TASK BRIEF> All the data that follows should be repeated exactly, without a single picture.

EXERCISE DATA>
== Segment start ==

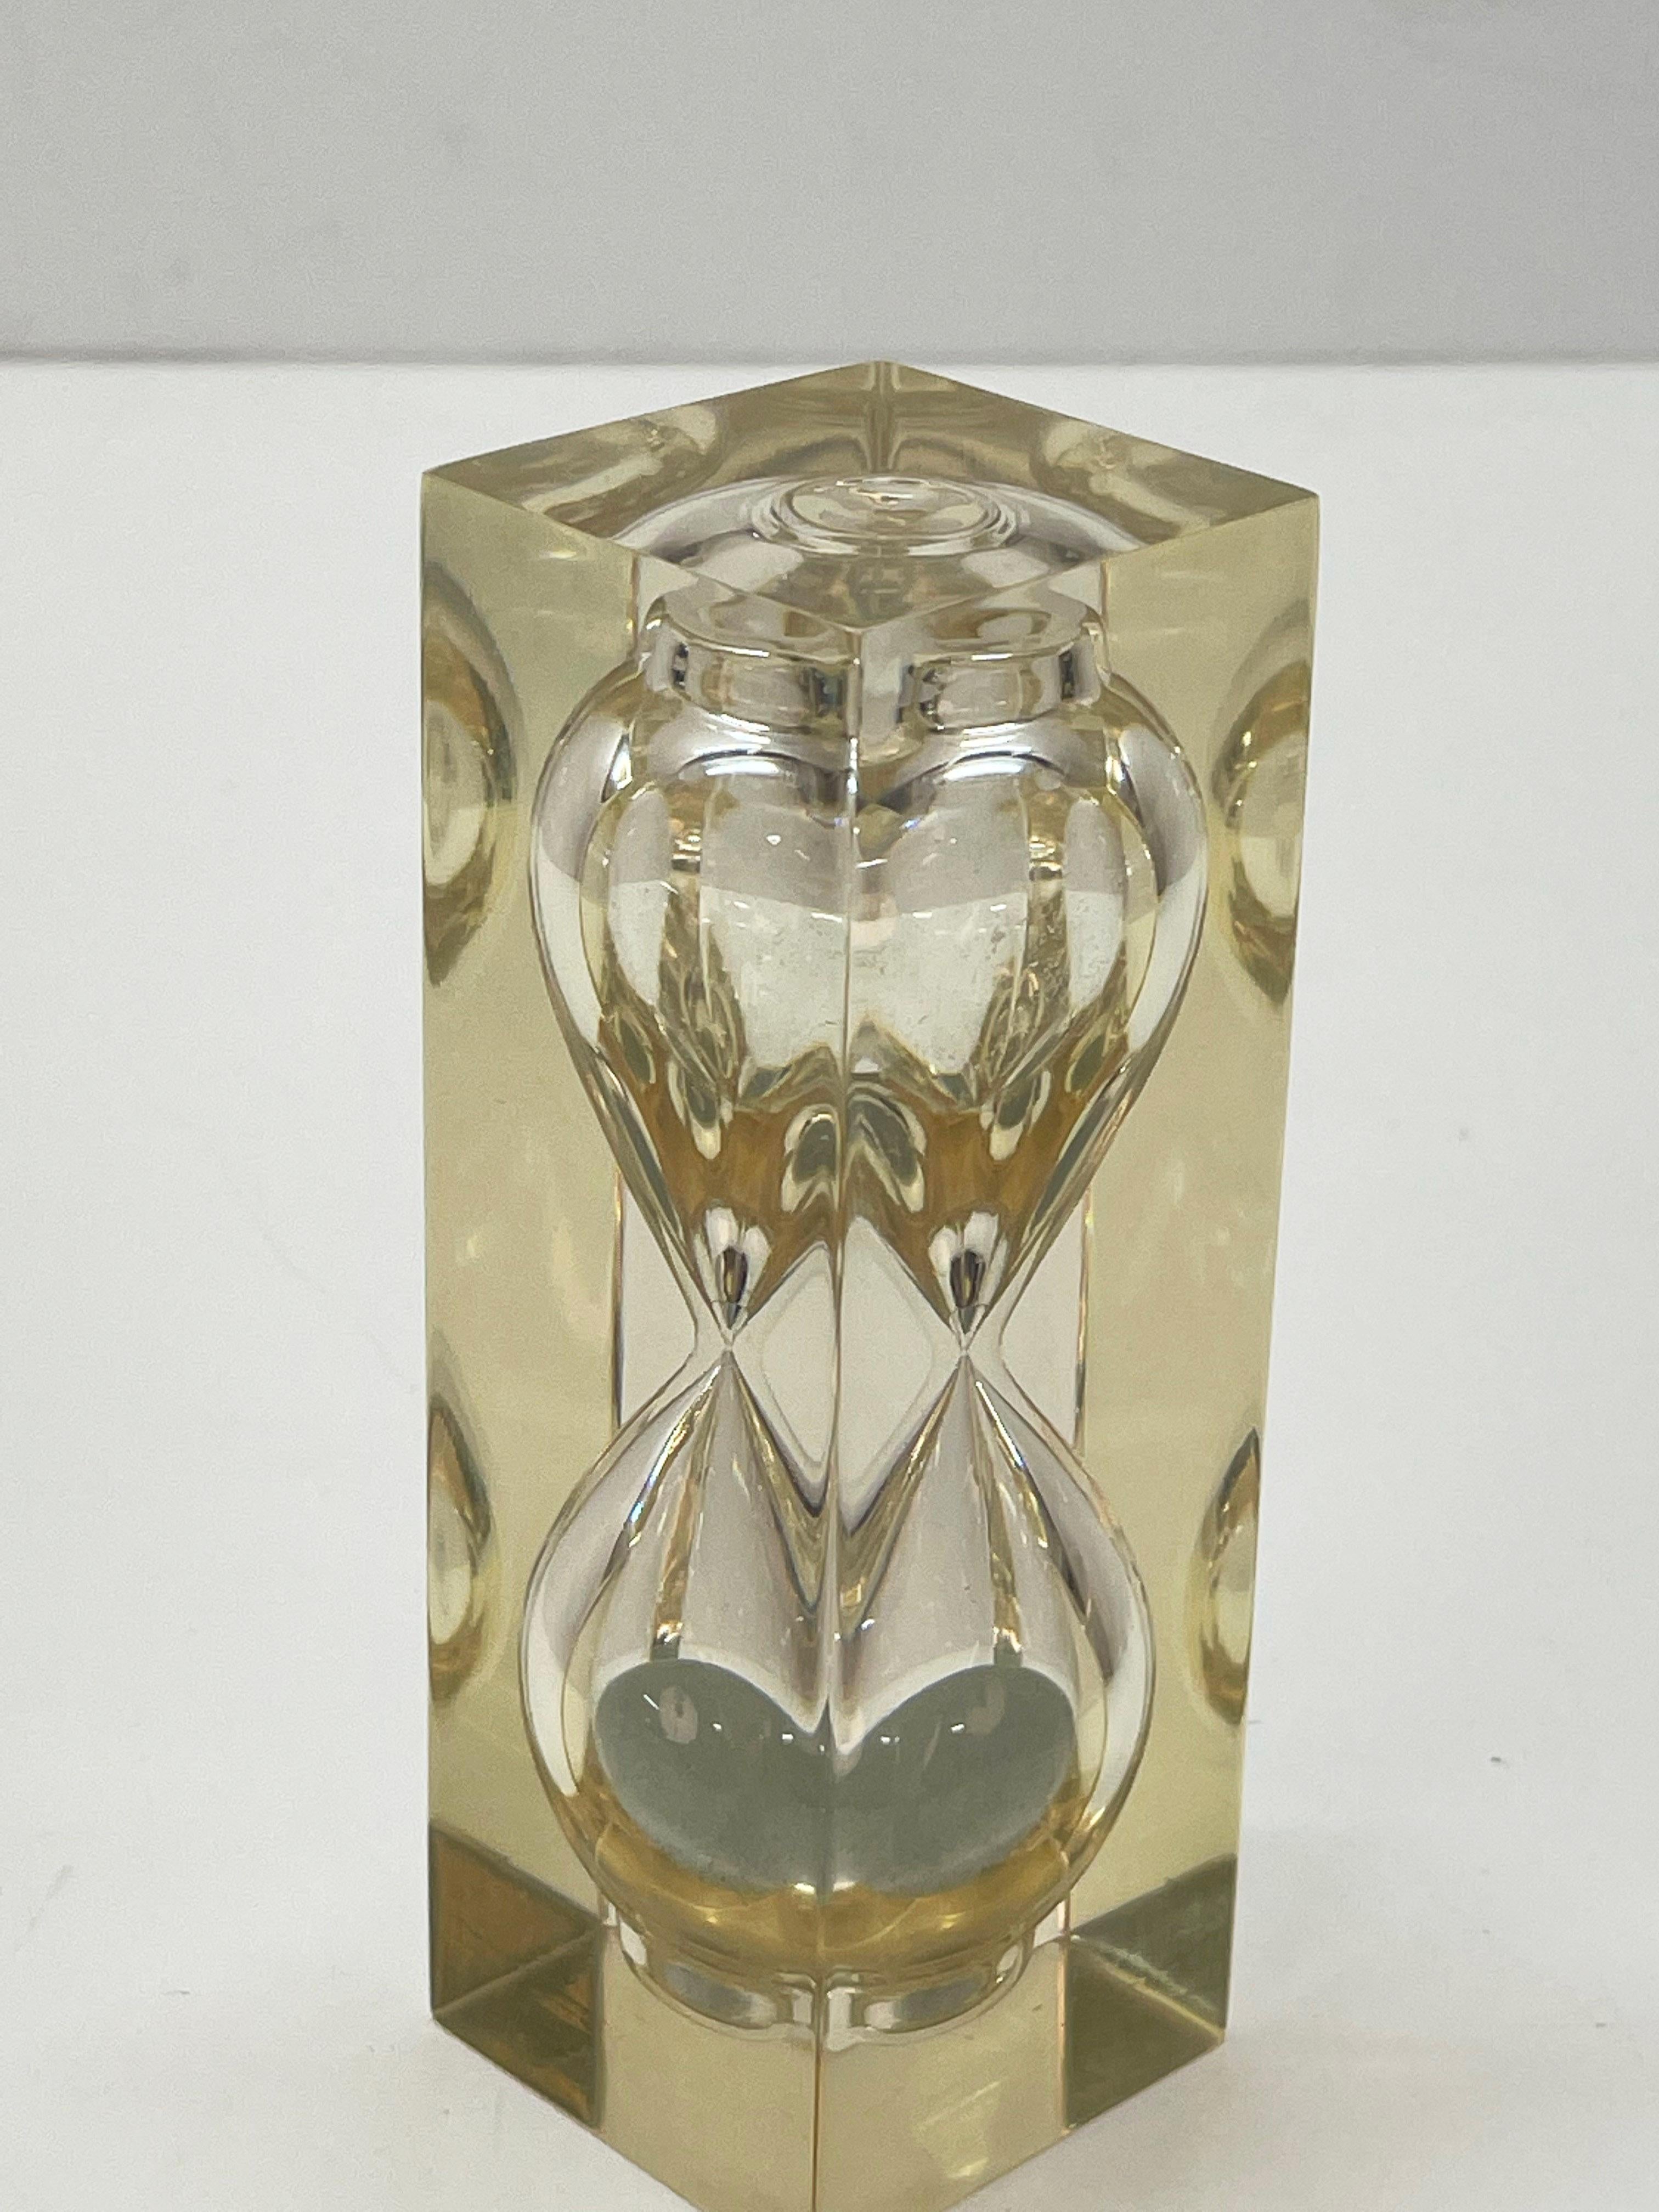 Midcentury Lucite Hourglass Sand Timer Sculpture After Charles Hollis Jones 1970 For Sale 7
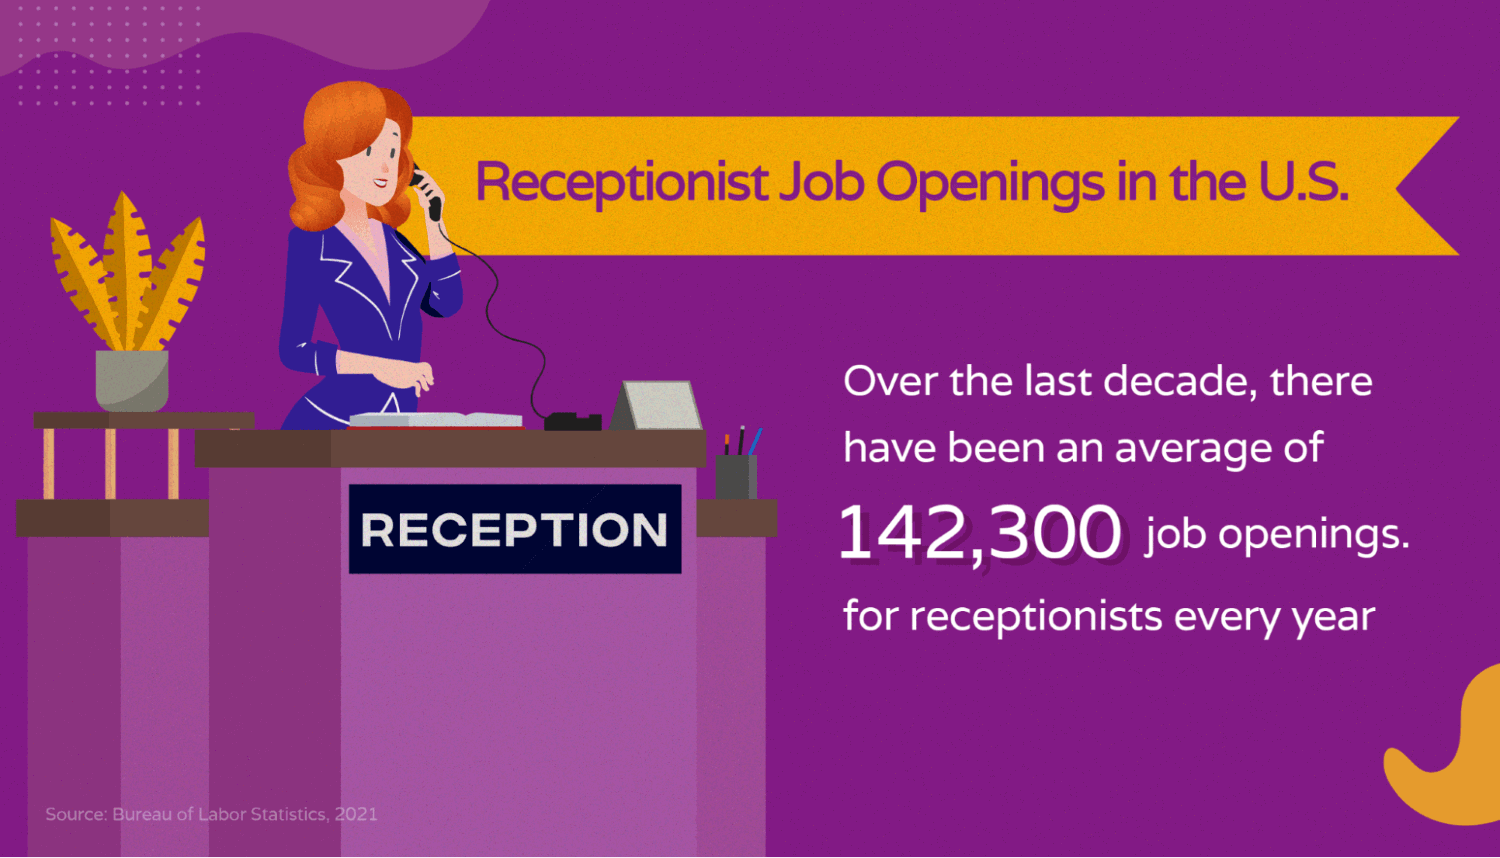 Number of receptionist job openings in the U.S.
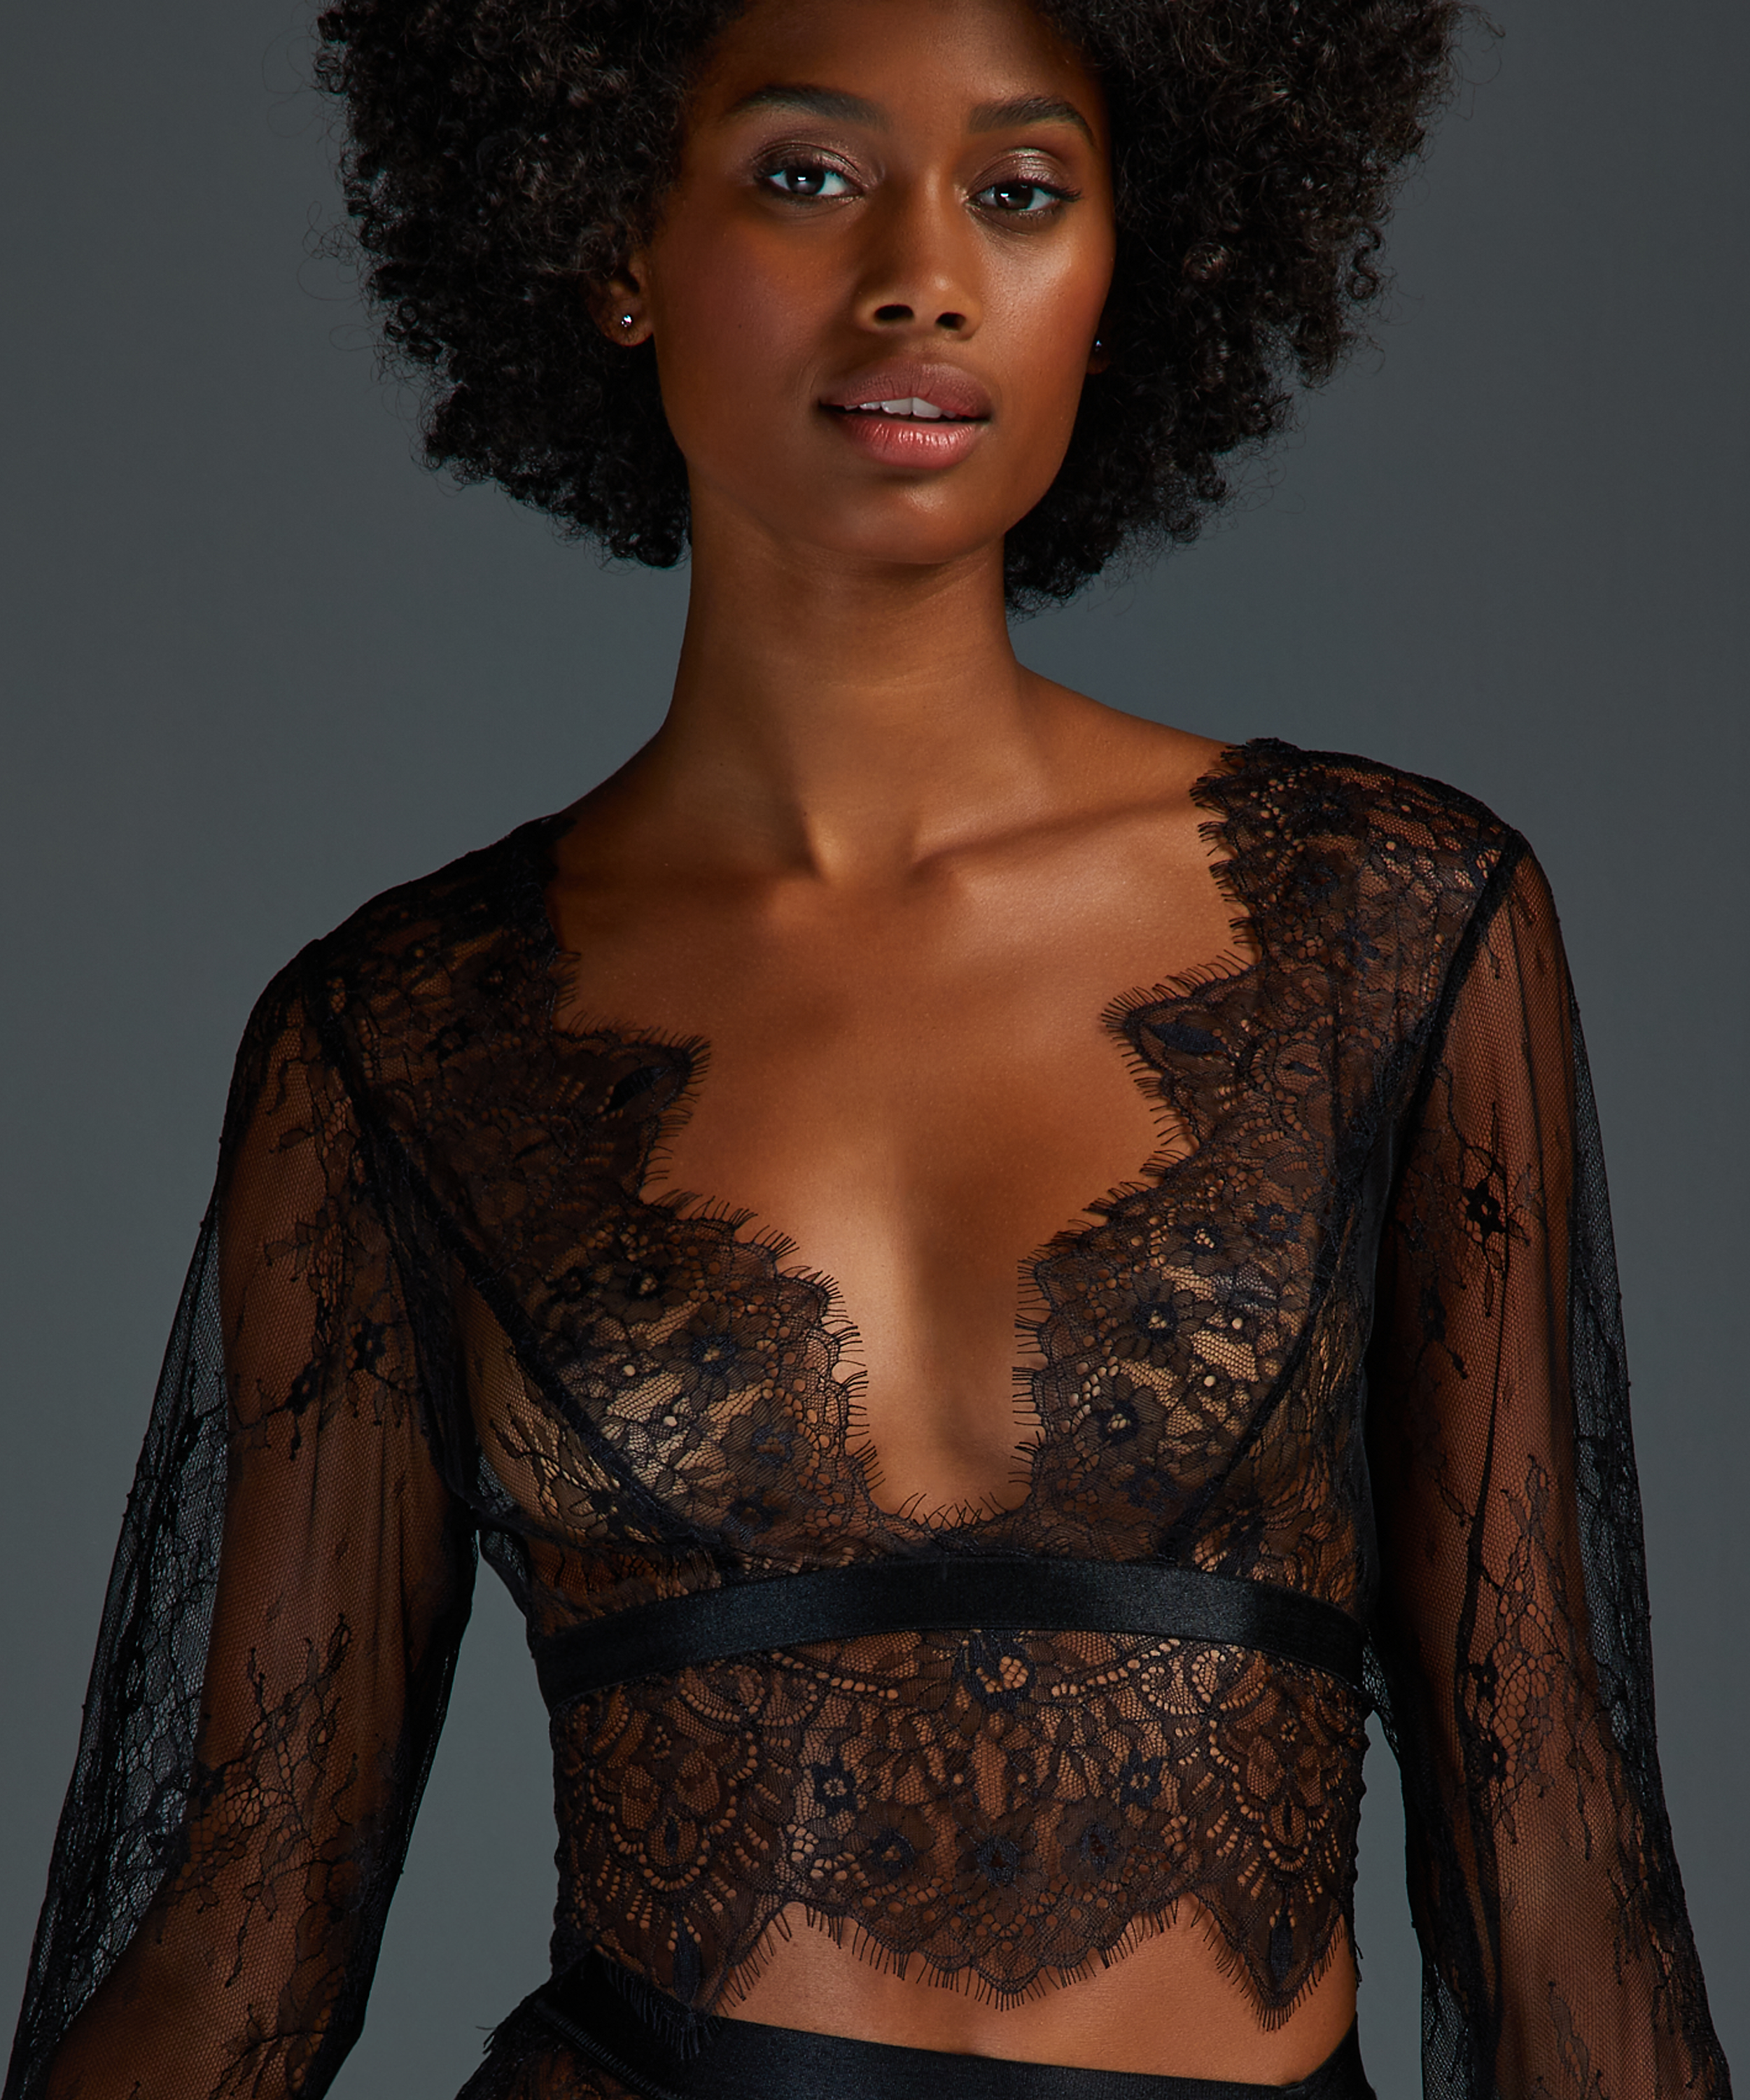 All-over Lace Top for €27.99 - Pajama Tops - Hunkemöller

== Segment end ==

EXERCISE RESULT>
 Midcentury Lucite Hourglass Sand Timer Sculpture After Charles Hollis Jones 1970 For Sale 7
 Number of receptionist job openings in the U.S.
 All-over Lace Top for €27.99 - Pajama Tops - Hunkemöller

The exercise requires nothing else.